Grammatische Freiheiten, stilistische Zwänge und die

Christian-Albrechts-Universität zu Kiel
Germanistisches Seminar
&
Institut für Psychologie
Institutskolloquium
Freitag, den 24. Juni 2016, 10 Uhr c.t.
Leibnizstraße 1, Raum 204
Grammatische Freiheiten, stilistische Zwänge und
die gesellschaftliche Definition sprachlicher Richtigkeit
Prof. Dr. Claudia Wich-Reif
Rheinische Friedrich-Wilhelms-Universität Bonn
Die Aufforderung, Texte zu korrigieren, wird normalerweise dahingehend interpretiert, dass es um
sprachliche Richtigkeit geht: um die Norm in der Rechtschreibung, aber auch in der Grammatik.
Die Testergebnisse einer Befragung zu Genitivobjekten haben gezeigt, dass es Studierenden nicht
schwer zu fallen scheint, den Gebrauch des Genitivs als richtig oder falsch zu beurteilen.

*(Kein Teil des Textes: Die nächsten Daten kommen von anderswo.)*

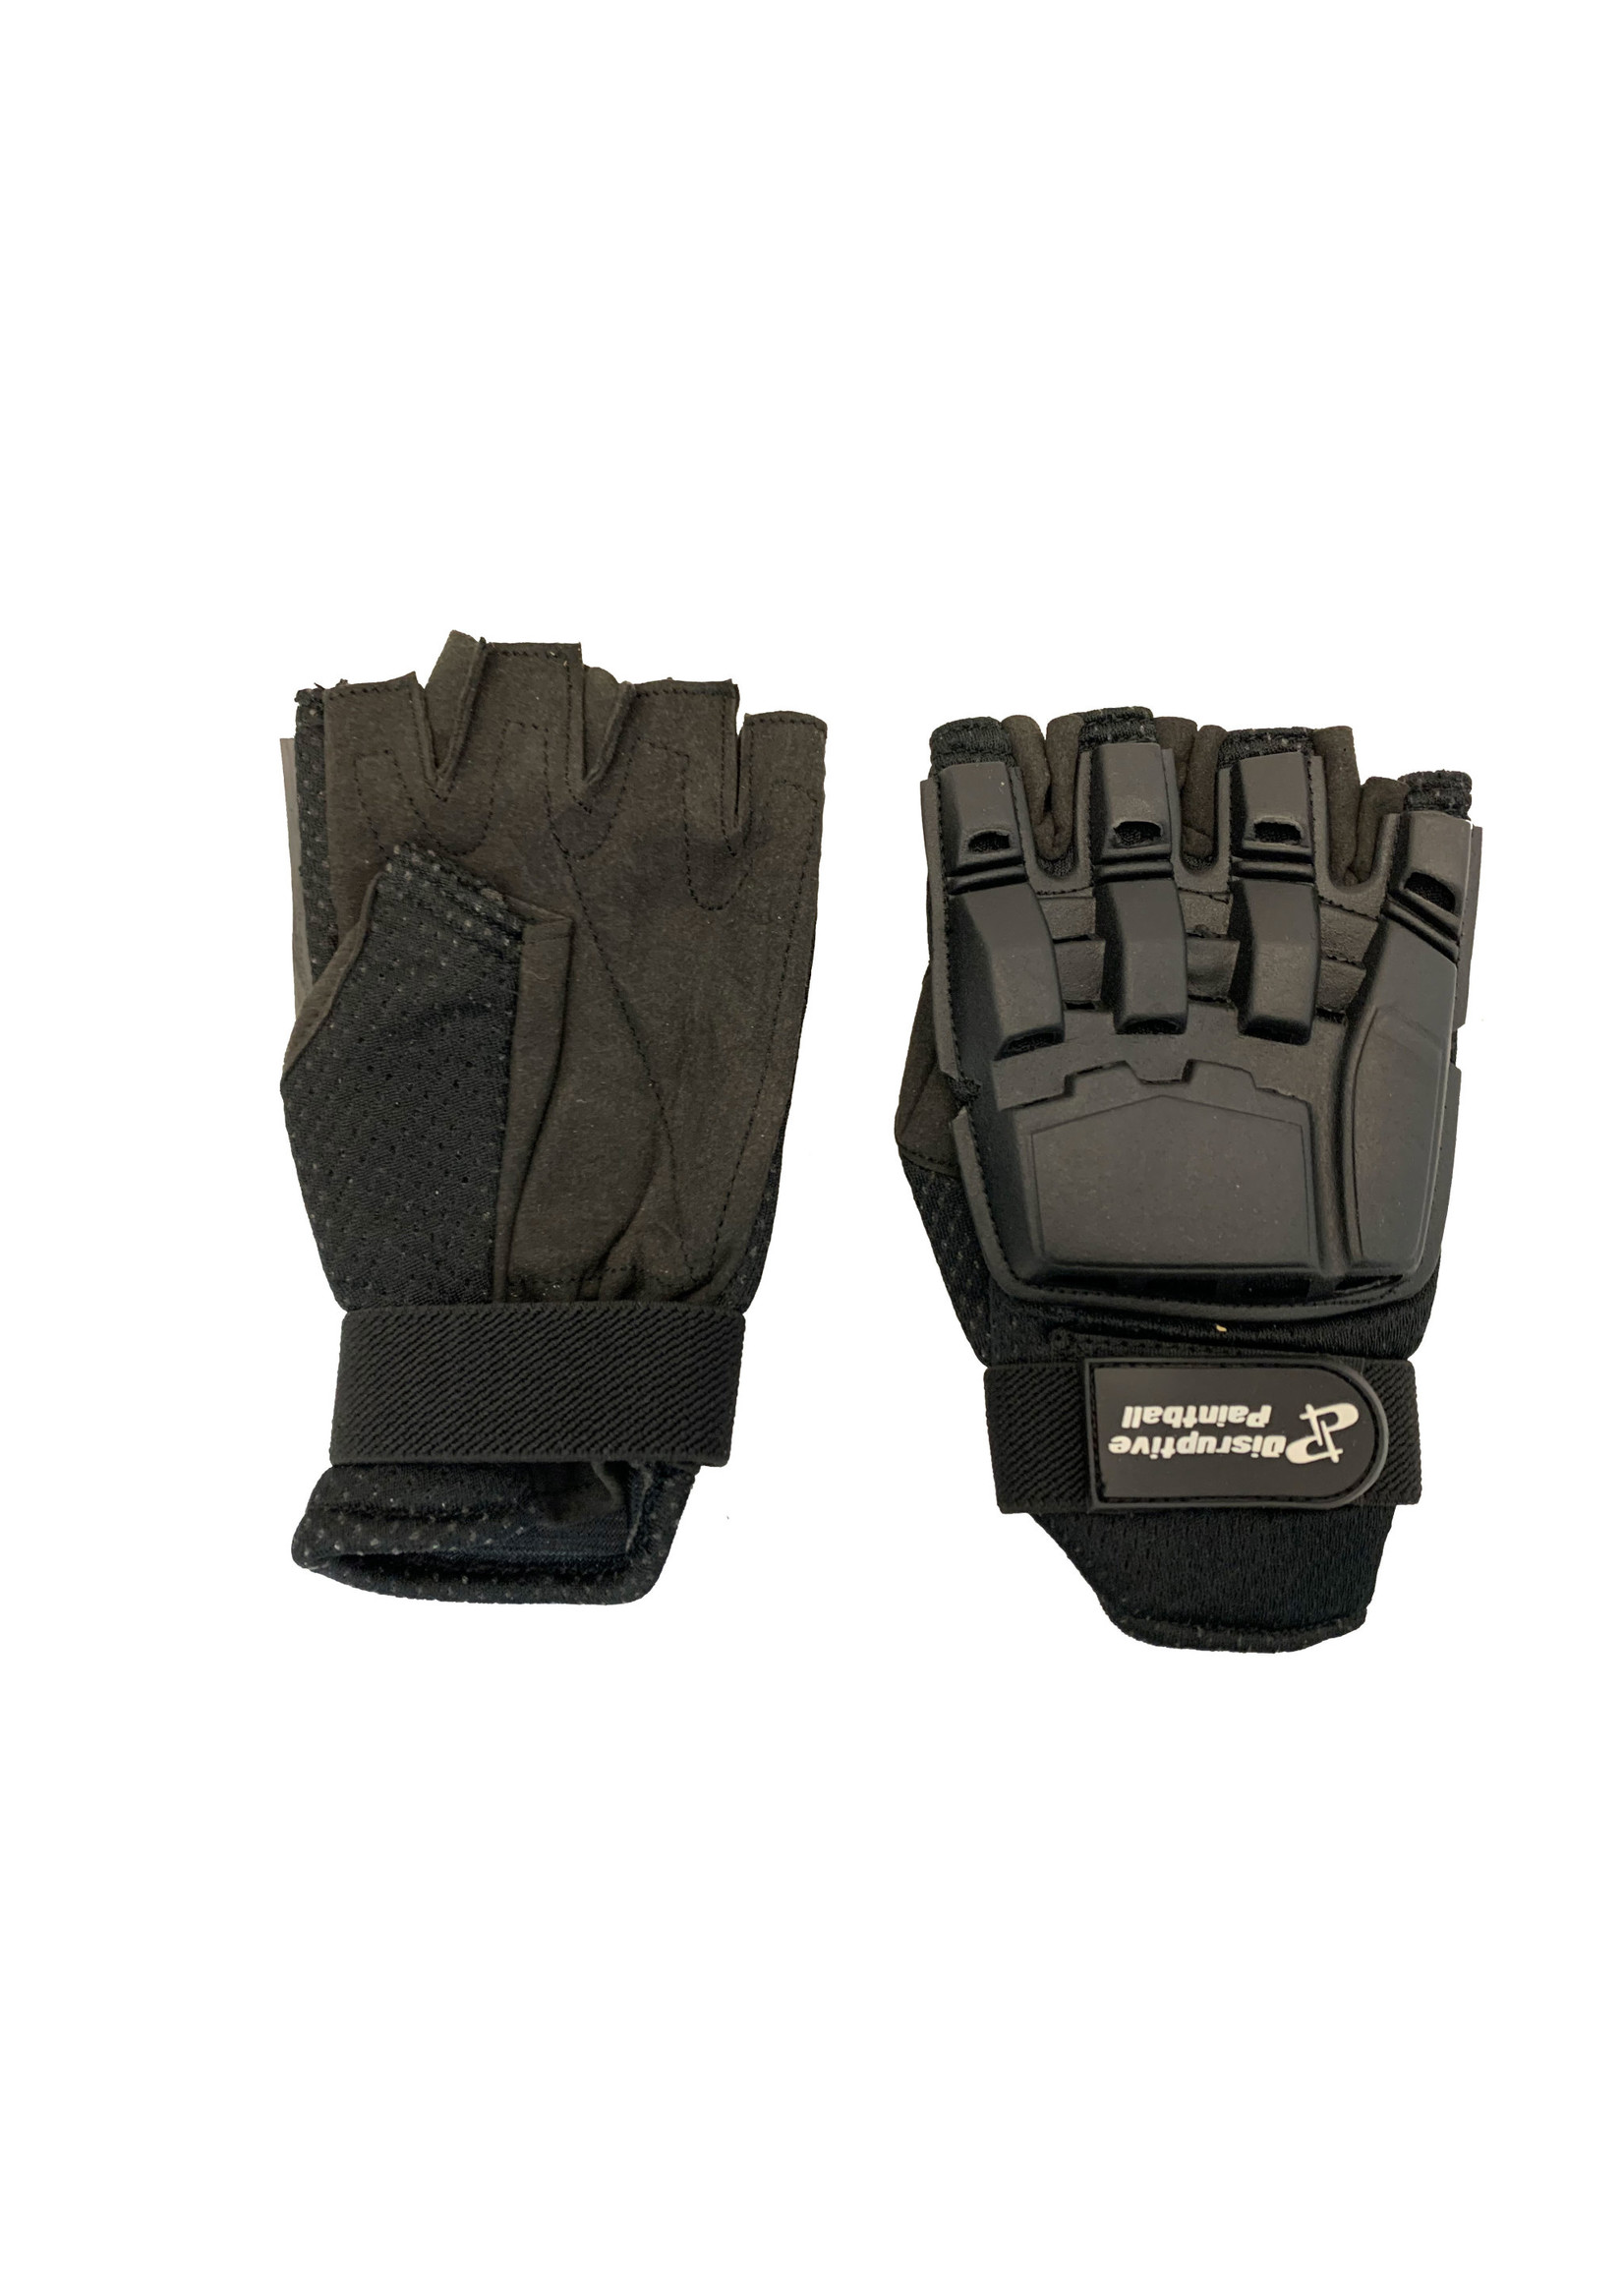 Disruptive Products Disruptive Armor Rec Glove

Gleichermaßen hat sich aber ergeben, dass die Antworten keineswegs eindeutig waren: Offenbar
sind individuell unterschiedliche Grade von Richtigkeit wirksam, die von den gesellschaftlichen
Kodierungssystemen (Duden, Tests, Deutsch in der Schule) nicht abgebildet werden können. Auf
der Basis des genannten Tests soll aufgezeigt werden, dass es häufig gar nicht um grammatische,
sondern um stilistische Zwänge geht, nicht nur, wenn Genitivobjekte in Verwendungs- oder
Belegbeispielen von Rezipienten beurteilt, sondern auch, wenn Produzenten aus mehreren
Möglichkeiten (Genitiv- oder Präpositionalobjekt: „er erinnert sich des Vorfalls“ vs. „er erinnert
sich an den Vorfall“, Genitiv- oder Dativobjekt: „sie gedenken der Toten“ vs. „sie gedenken den
Toten“), also grammatischen Freiheiten, für spezifische Zwecke Genitivobjekte auswählen.
Alle interessierten Mitarbeiter, Studierenden und Gäste sind herzlich willkommen!